Fans are flow machines for transporting air or other gases. The possible flow is from the premises to the environment or vice versa, and through process equipment, via ventilation ducts. The transfer of energy to overcome the flow resistance takes place in the impeller, the basic component of the fan. The drive source of the fan is an electric motor. The drive can be implemented as direct, belt or clutch drive. The fan impeller must operate in a spiral or tubular housing, terminated with stubs at the suction and discharge. The mechanical energy supplied to the fan is converted into the static and dynamic pressure gain needed to overcome the gas pressure flow losses in the equipment and ductwork.
With regard to their construction, fans are divided into:
They are used in car radiators and are also used as table, cabinet, ceiling and wall fans.
Diagonal fans bridge the gap between axial and radial fans. In this type of fan, the flow from the impeller flows onto the impeller blades in an axial direction, or is introduced into the scroll housing by flowing out through the discharge port.
In radial fans, the energy to the gas is transferred in the radial direction of flow. The inflow to the fan and impeller is axial. In the inlet chamber of the impeller, it changes to radial. A centrifugal effect occurs, further increasing the pressure build-up. This phenomenon is not present in axial fans. Thanks to it, higher pressure increments are produced. A high pressure build-up is achieved at a relatively lower capacity. Radial fans are most widely used. They are used in industry for ventilation, pneumatic conveying, dust extraction and blowing systems. They make it possible to transport the medium over long distances.

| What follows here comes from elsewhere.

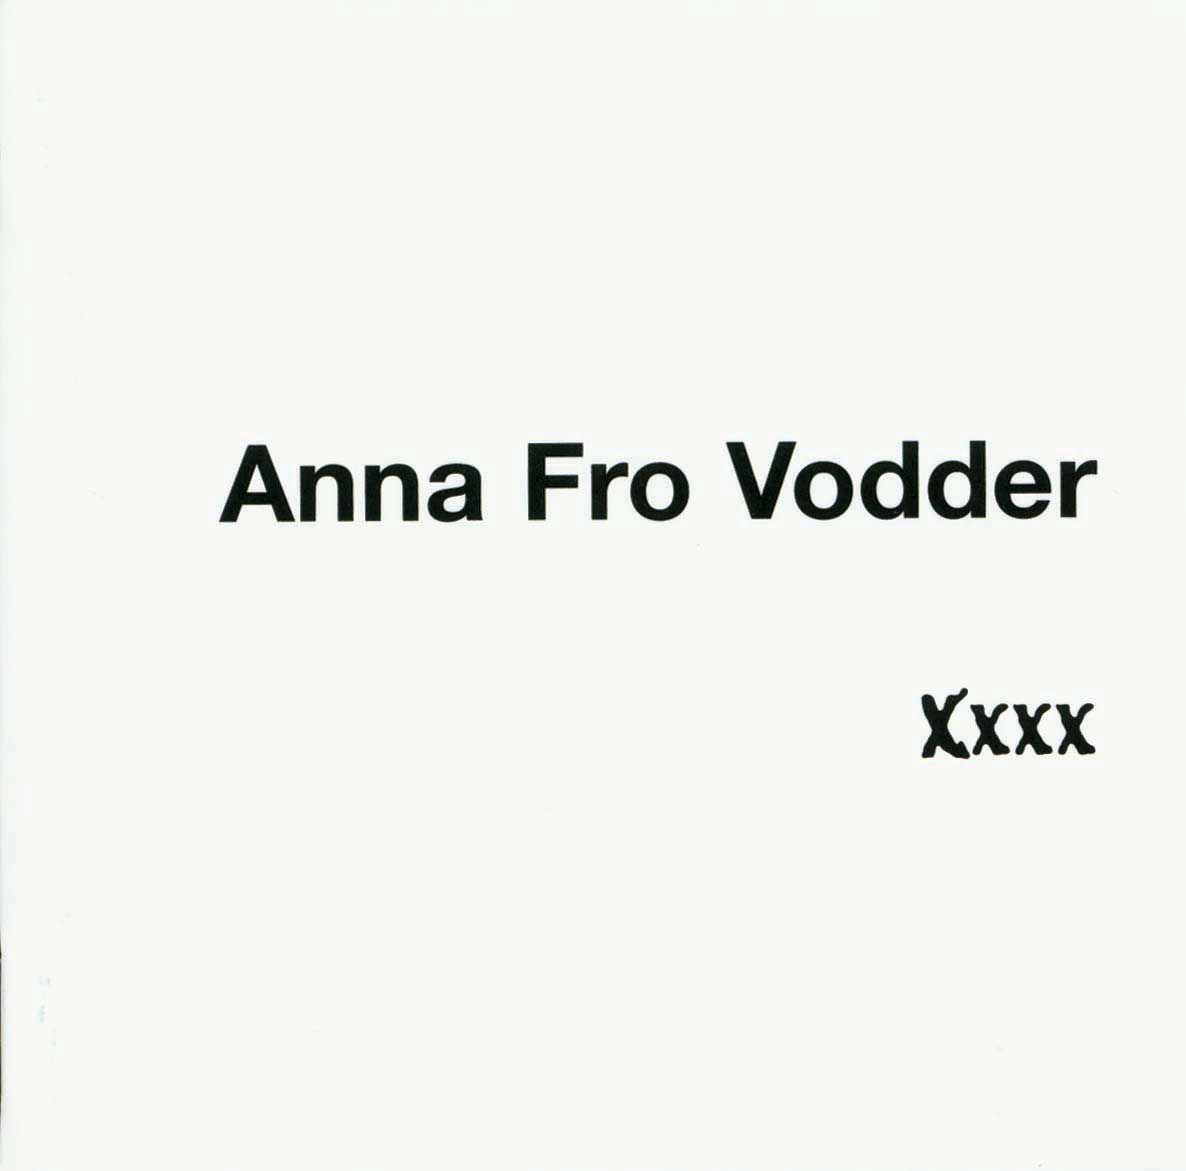 Anna Fro Vodder, Xxxx
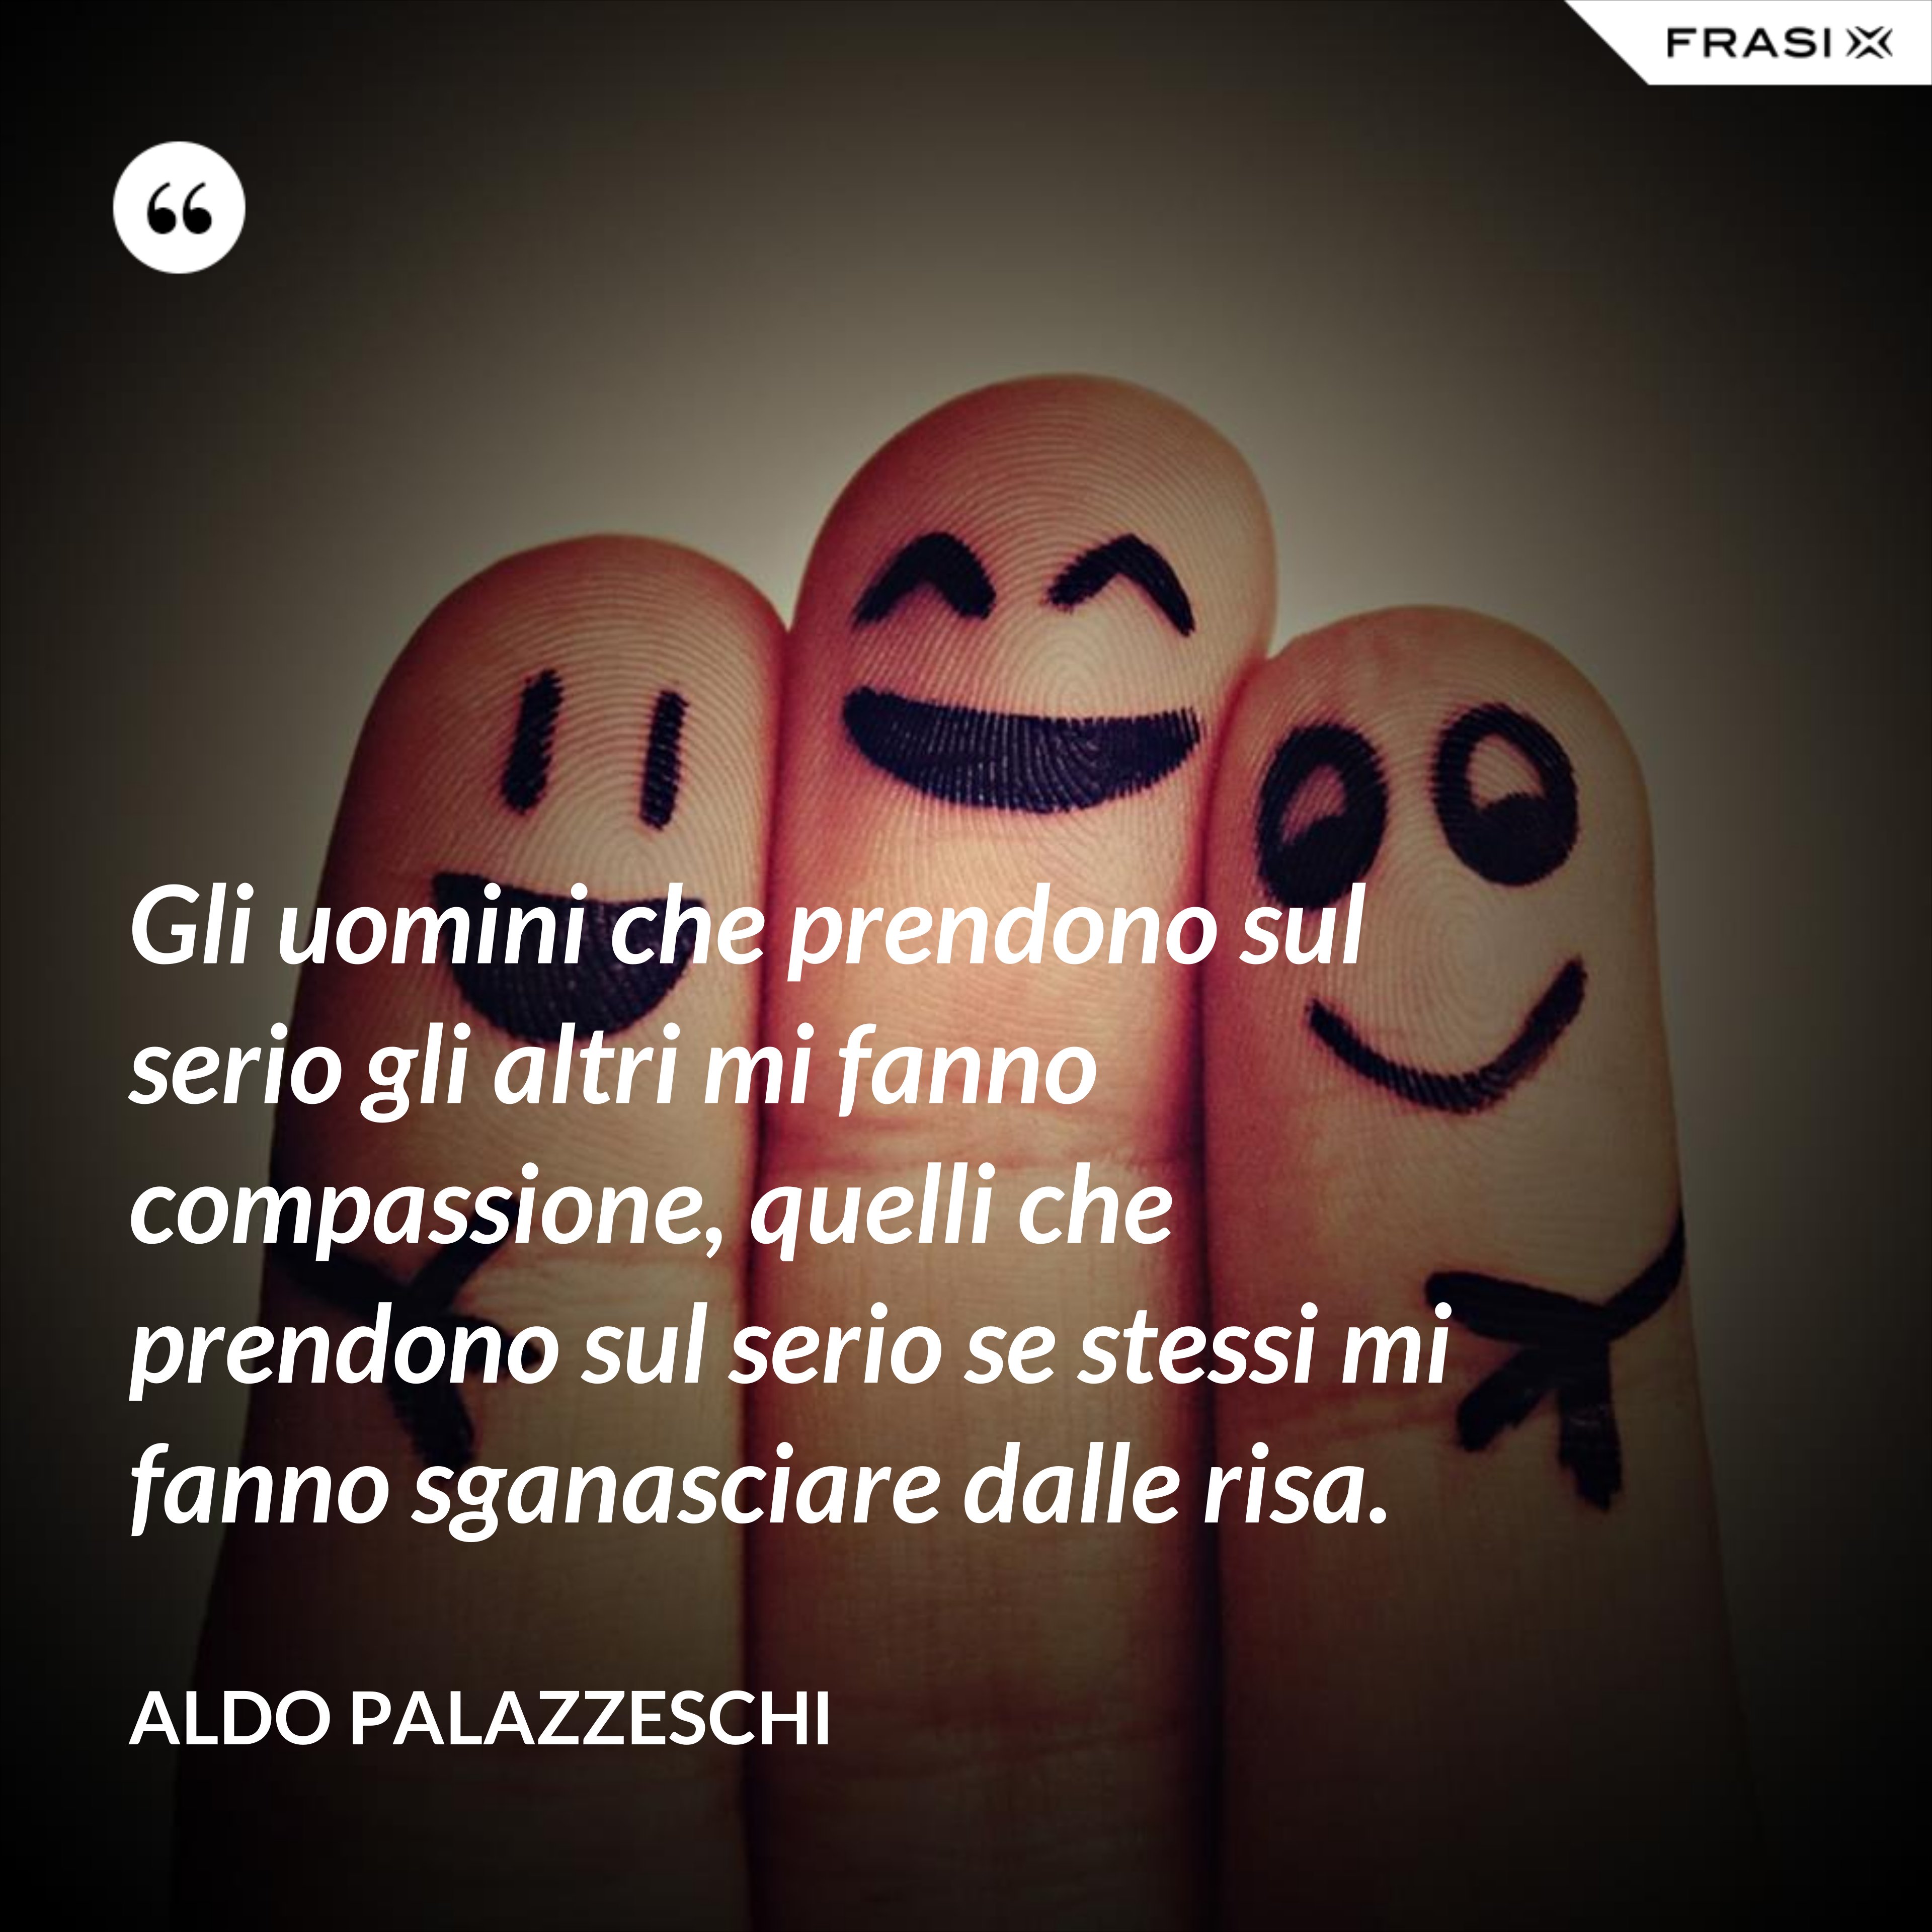 Gli uomini che prendono sul serio gli altri mi fanno compassione, quelli che prendono sul serio se stessi mi fanno sganasciare dalle risa. - Aldo Palazzeschi

Fans are also divided according to the amount of backpressure generated:
When selecting a fan, in addition to the capacity, it is important to take into account the pressure losses that will be present in the system in order to ensure the intended fluid flow. Pressure losses occur in straight sections of ducts, elbows, fittings, inlets, outlets, filters, cyclones, etc. Velocities in the ducts range from 4-25 m/s (and higher). Higher velocities result in greater pressure losses and noise. Where pneumatic conveying is not required, we recommend speeds of a few m/s. For pneumatic conveying, velocities need to be higher - 16 m/s and above; this also depends on a number of other factors taken into account when designing and manufacturing the fan.
UNI-PRO Industrial Fans manufactures radial industrial fans: low-, medium- and high-pressure fans. It is possible to calculate and produce a fan of a given pressure and capacity. We manufacture fans from common steel sheets and acid-resistant sheets.
We manufacture special radial fans, tailored to individual customer wishes and requirements:
Belt drives are often used in air heater fans. Several technical problems requiring attention can be encountered with this type of drive. The first problem concerns the alignment of the pulleys to ensure that the belts work properly. This is particularly important in the case of multiple-belt drives (3 or more). The belts must be of equal length. Misaligned pulleys cause them to heat up. The belts also heat up. The gearbox runs noisily and the belts wear quickly. The drive configuration should be such that the lower part of the belt is stretched. This is important for long belts and for systems without tensioners. The loose part of the belt has a tendency to ‘flutter’. All housing and guard components must be kept at a safe distance to prevent rubbing or accidental flapping of the belt. Uncontrolled accelerated wear (belt fraying) is not difficult in such systems.
The fan impeller is supported by two bearings. Housings with open bearings or closed housings with seals can be used. UNI-PRO fans for heaters are fixed on a bearing system with the possibility of compensating for the thermal lapping of the shaft. As a result, the bearings do not transmit additional axial forces and the internal bearing clearance is maintained at a constant level. This solution extends bearing life and ensures a lower noise level.
Another issue is the lubrication of the bearings. The temperature of the housing can be 80-90 oC. In each design solution, the bearings must be lubricated with a suitable grease and re-lubricated at specified intervals during operation. The re-lubrication interval depends on the conditions and the operating time of the bearings. Closed housings allow the grease to be retained inside the bearing for longer. However, the grease gradually leaks out of the housing (outflow holes are drilled into the housing for this purpose). New grease is applied via grease nipples screwed into the housing. The space inside the housing must not be tightly filled with grease. Too much of it creates additional resistance to bearing movement and leads to excessive heating of the bearing node.